If, on the other hand it's a thread-safe type, like a CEvent in MFC (or equivilent in boost) then you should be fine. This is the best approach: use thread-safe synchronization objects for inter-thread communication, even for simple flags.
Instead of using a member variable to signal that the thread is done, why not use a condition? You are already are using the boost libraries, and condition is part of the thread library.
Check it out. It allows the worker thread to 'signal' that is has finished, and the main thread can check during execution if the condition has been signaled and then do whatever it needs to do with the completed work. There are examples in the link.
As a general case I would neve make the assumption that a resource will only be modified by the thread. You might know what it is for, however someone else might not - causing no ends of grief as the main thread thinks that the work is done and tries to access data that is not correct! It might even delete it while the worker thread is still using it, and causing the app to crash. Using a condition will help this.
Looking at the thread documentation, you could also call thread.timed_join in the main thread. timed_join will wait for a specified amount for the thread to 'join' (join means that the thread has finsihed)
I don't mean to be presumptive, but it seems like the purpose of your finished_flag variable is to pause the main thread (at some point) until the thread thrd has completed.
The easiest way to do this is to use boost::thread::join
// launch the thread...
thrd = new boost::thread(boost::bind(&myclass::mymethod, this, &finished_flag);
// ... do other things maybe ...
// wait for the thread to complete
thrd.join();
If you really want to get into the details of communication between threads via shared memory, even declaring a variable volatile won't be enough, even if the compiler does use appropriate access semantics to ensure that it won't get a stale version of data after checking the flag. The CPU can issue reads and writes out of order as long (x86 usually doesn't, but PPC definitely does) and there is nothing in C++9x that allows the compiler to generate code to order memory accesses appropriately.
Herb Sutter's Effective Concurrency series has an extremely in depth look at how the C++ world intersects the multicore/multiprocessor world.
Having the thread set a flag (or signal an event) before it exits is a race condition. The thread has not necessarily returned to the OS yet, and may still be executing.

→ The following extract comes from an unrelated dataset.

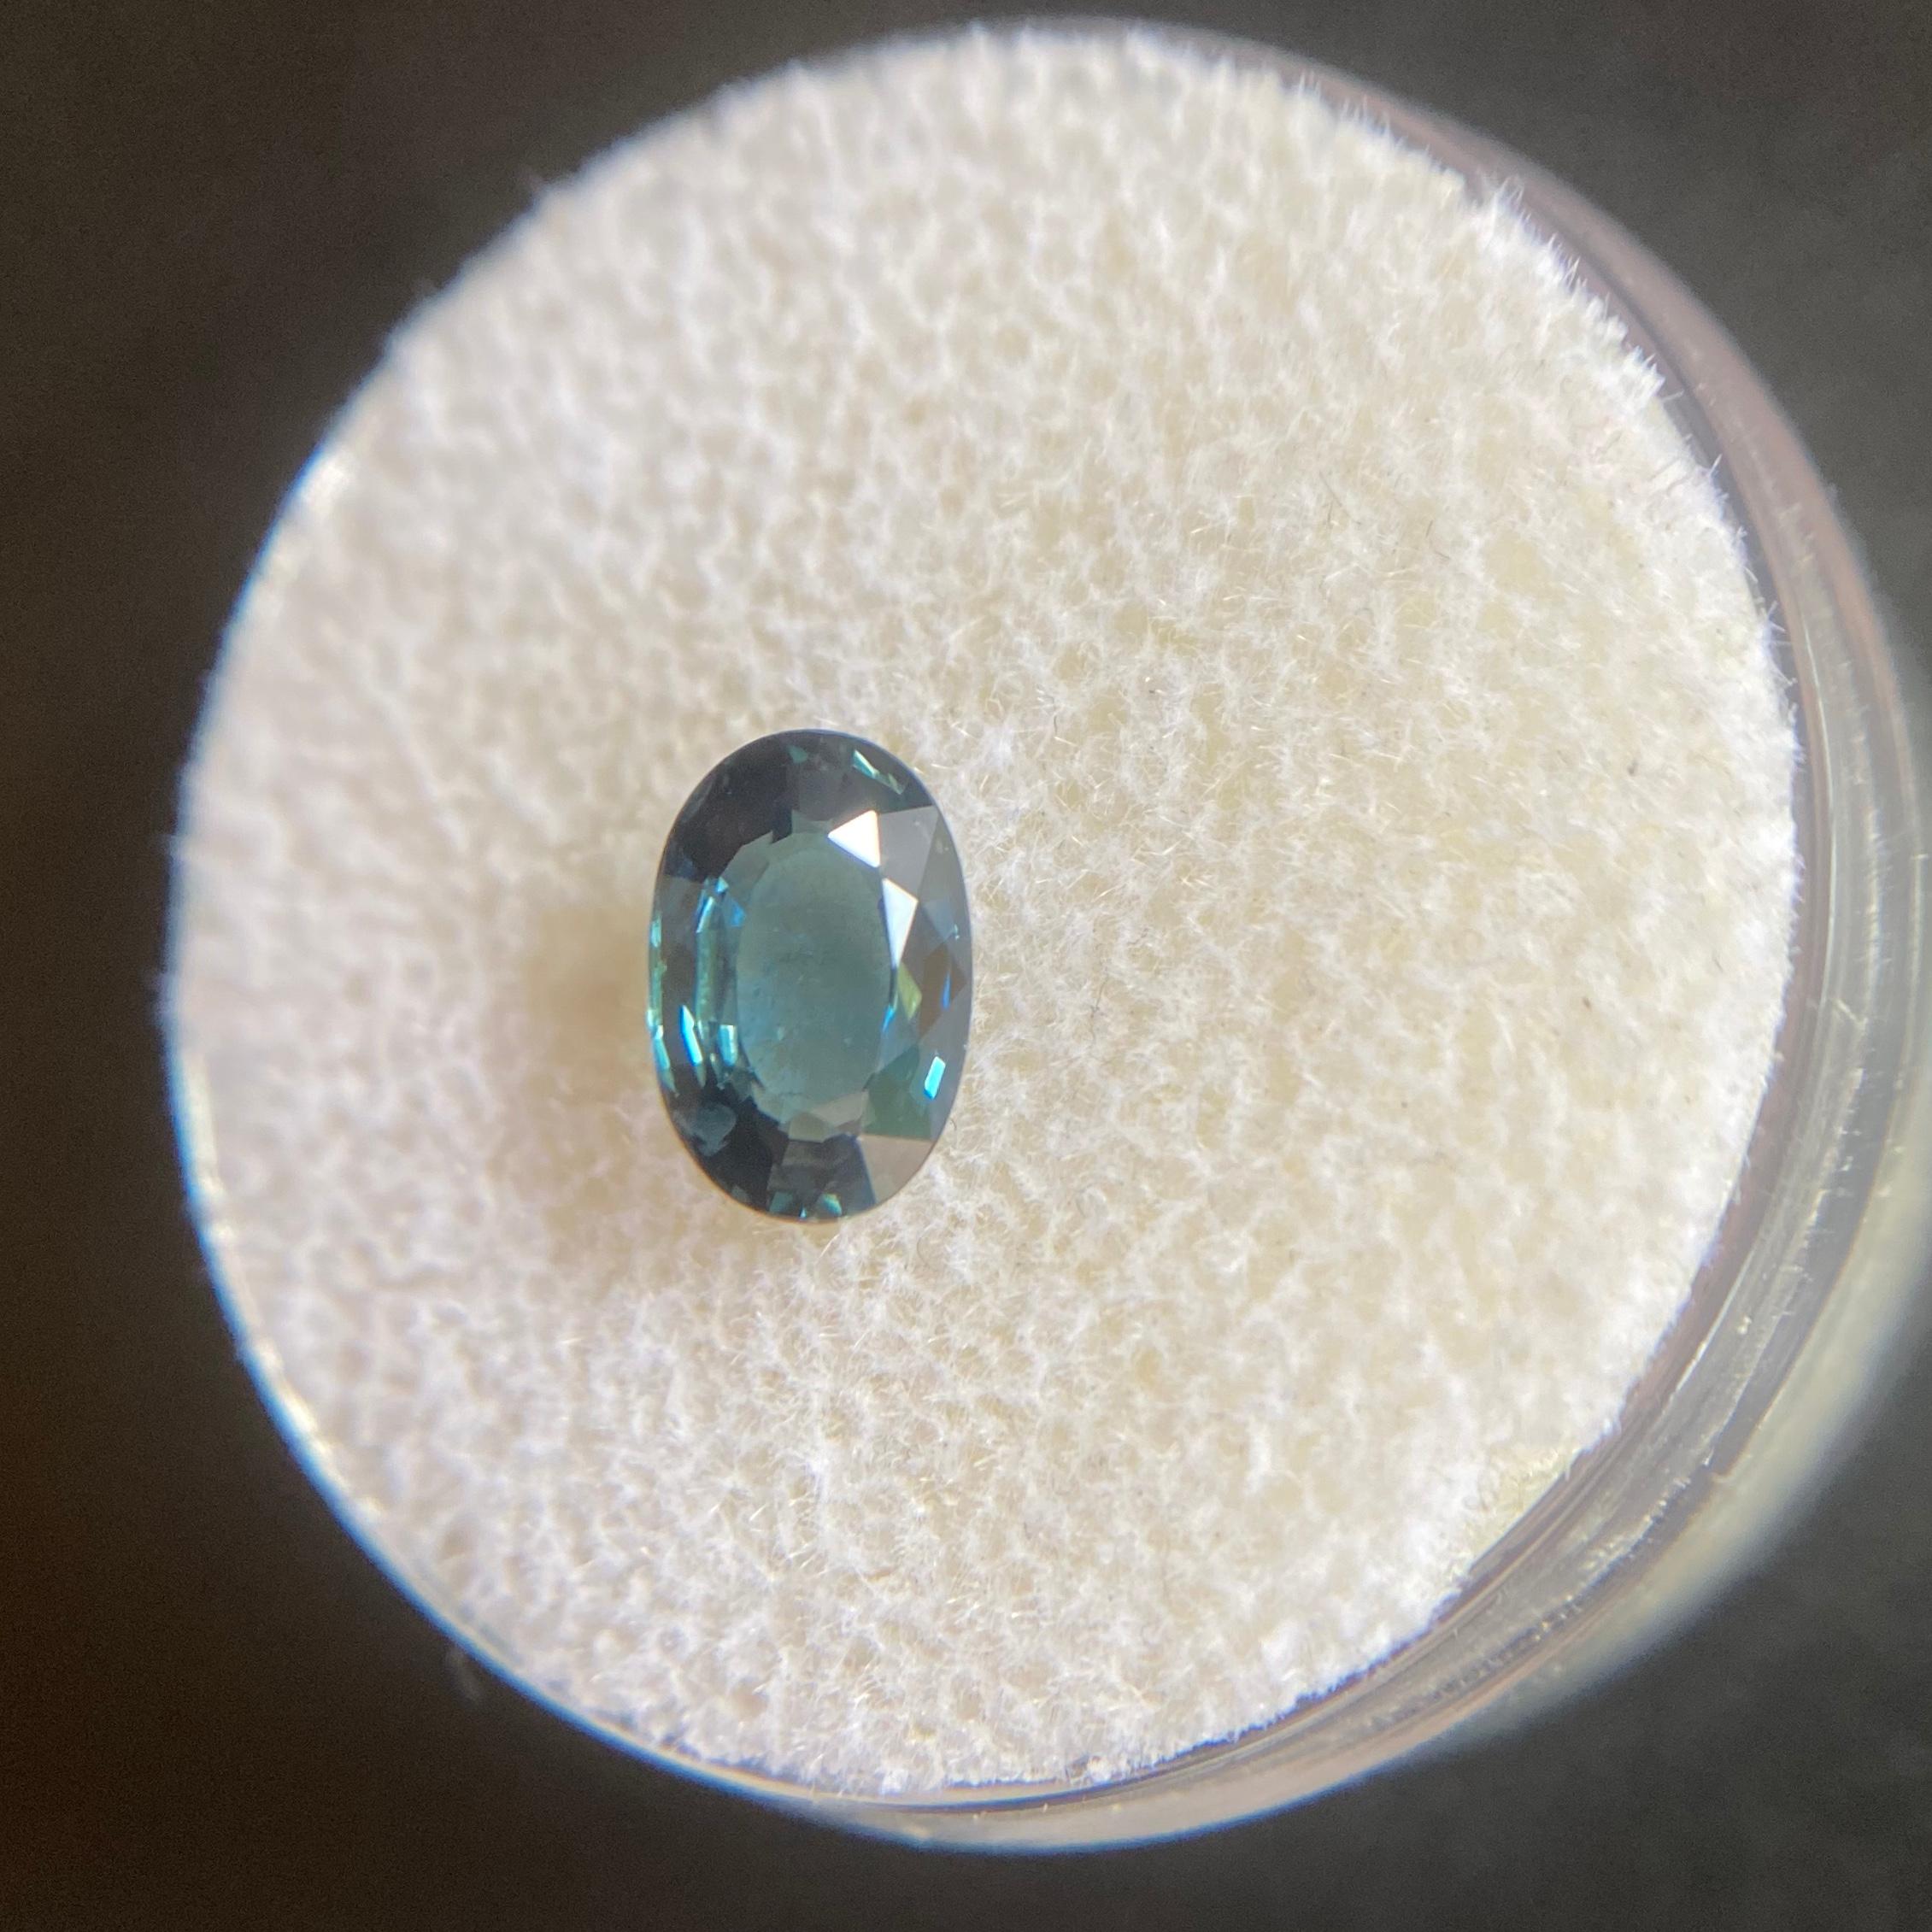 Natürlicher Thailand Blauer Saphir Edelstein IGI zertifiziert.

1.18 Karat Stein mit sehr gutem Ovalschliff und guter Reinheit. Einige kleine natürliche Einschlüsse bei genauem Hinsehen sichtbar, aber kein schmutziger Stein. Vollständig zertifiziert

For example, consider a program that loads a dynamic library (pseudocode):
lib = loadLibrary("someLibrary");
fun = getFunction("someFunction");
fun();
unloadLibrary(lib);
And let's suppose that this library uses your thread:
void someFunction() {
volatile bool finished_flag = false;
thrd = new boost::thread(boost::bind(&myclass::mymethod, this, &finished_flag);
while(!finished_flag) { // ignore the polling loop, it's besides the point
sleep();
}
delete thrd;
}
void myclass::mymethod() {
// do stuff
finished_flag = true;
}
When myclass::mymethod() sets finished_flag to true, myclass::mymethod() hasn't returned yet. At the very least, it still has to execute a "return" instruction of some sort (if not much more: destructors, exception handler management, etc.). If the thread executing myclass::mymethod() gets pre-empted before that point, someFunction() will return to the calling program, and the calling program will unload the library. When the thread executing myclass::mymethod() gets scheduled to run again, the address containing the "return" instruction is no longer valid, and the program crashes.
The solution would be for someFunction() to call thrd->join() before returning. This would ensure that the thread has returned to the OS and is no longer executing.